When I started the car and drove forward, we heard a scraping sound. I drove slowly toward the guard, who heard us coming and watched. I rolled down the window and asked him what to do. He told me to drive through the lot exit, go back into the building, and ask for help. I drove slowly around — what was that scraping sound — parked the car, and went in.
This time, several people were in line. I waited. The cashier told me to take a seat. Someone would be out to help. I was tired by this point and happy to sit for a few minutes. For a second, I wondered if I was about to be scammed. I practiced mindfulness.
Back at the car with help, I didn’t see Jake in the passenger seat. I experienced a fear that only an anxiety-prone mother with a kid recently discharged from a psychiatric hospital could feel. I opened the car door and wildly looked around. He was crouched on the second row of seats wolfing down the food he had irritably rejected earlier because of his Raw-Till-Four diet. He saw how alarmed I was and sheepishly said that he was very hungry. I laughed.
The woman looked under the car near the tires but didn’t see anything. I had done that and didn’t see anything. I backed up the car so she could hear the scraping sound. She got a flashlight, looked under the middle front of the car, and said she would call someone. There was a lot of waiting between the flashlight and the call for help.
The rain had stopped earlier. The moon was up. It was a nice night.
A flat-bed tow truck arrived, and a very tall, very black man wearing a jacket and knit cap got out. I backed the car up so he could hear the scrape. He asked me to turn off the car, and I felt foolish that I hadn’t thought of that myself. He slid under the front and looked around for a while. He slid back out and said something about plastic hanging, tow trucks, a screwdriver, and a screw. He slid back under the car and did some stuff that looked challenging. Eventually he slid out and stood up, successful.
I looked at him, smiled, and said thank you. Then I took off my glove and reached out my hand to shake his. “My hands are dirty,” he said, “from under the car.”
“I don’t care,” I replied. We shook, and he gently squeezed my fingers. His hands were gigantic and gentle and warm and human. Men with lesser hands use that firm handshake that causes pain they don’t notice.
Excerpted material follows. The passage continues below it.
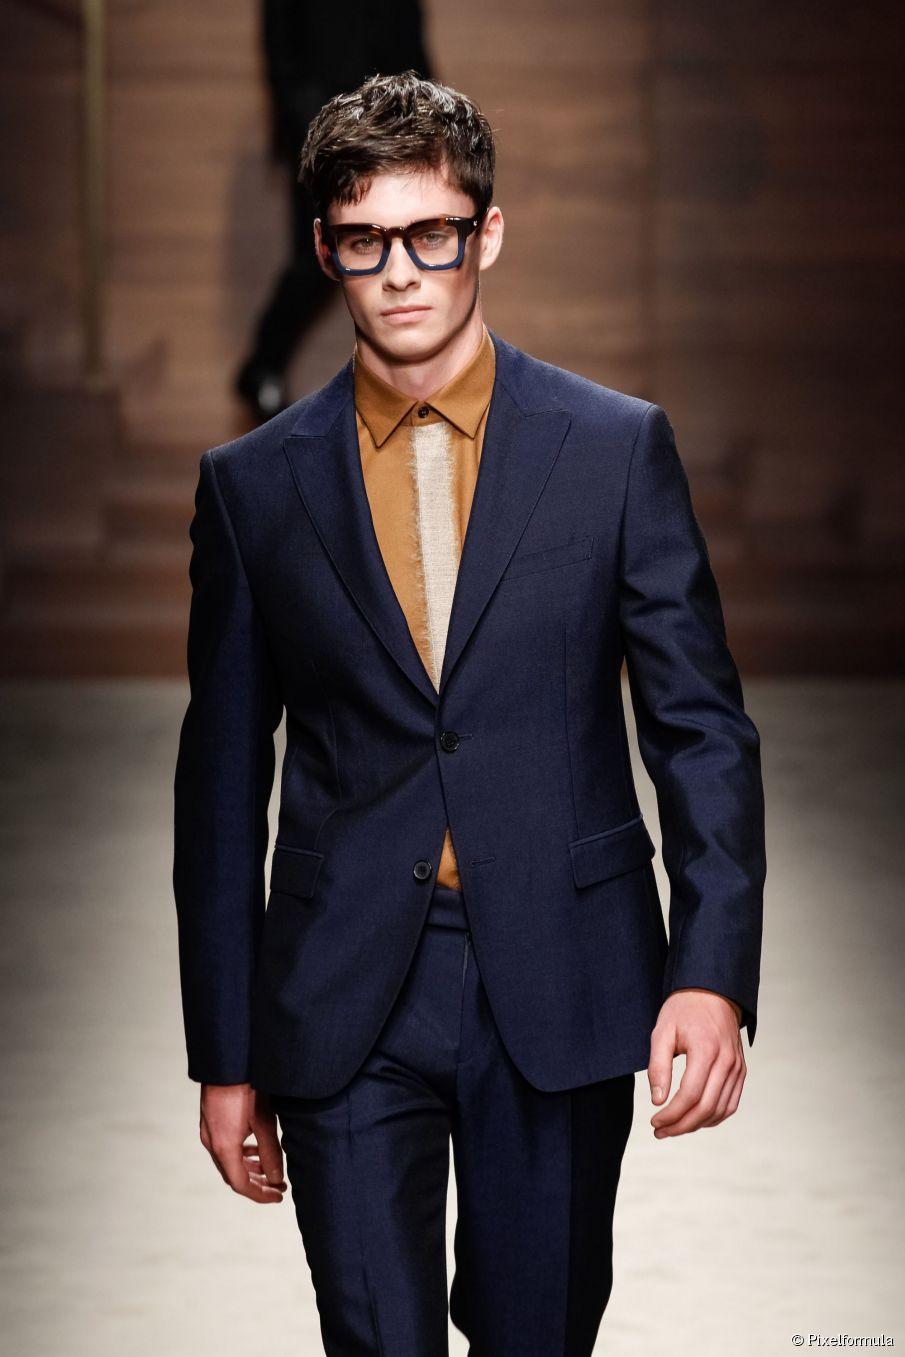 Men's Date Nacht Frisuren: sieht aus, um zu fallen

One part of myself spoke to another saying that he could have been released from prison last week after serving time for manslaughter or some other crime. And another part said what does it matter? He just helped me, and I’m grateful.
I thought about being a white, sixty-year-old woman from the suburbs, wearing an expensive coat bought in better times and at a steep discount from Rue La La. I thought about Trayvon Martin and Ferguson, Missouri. I thought about my transgender son and what might happen to him out in the world.
It costs nothing to act from a place of love. It costs nothing to love your kids, regardless of whether their gender is what you think it should be. What costs is not loving.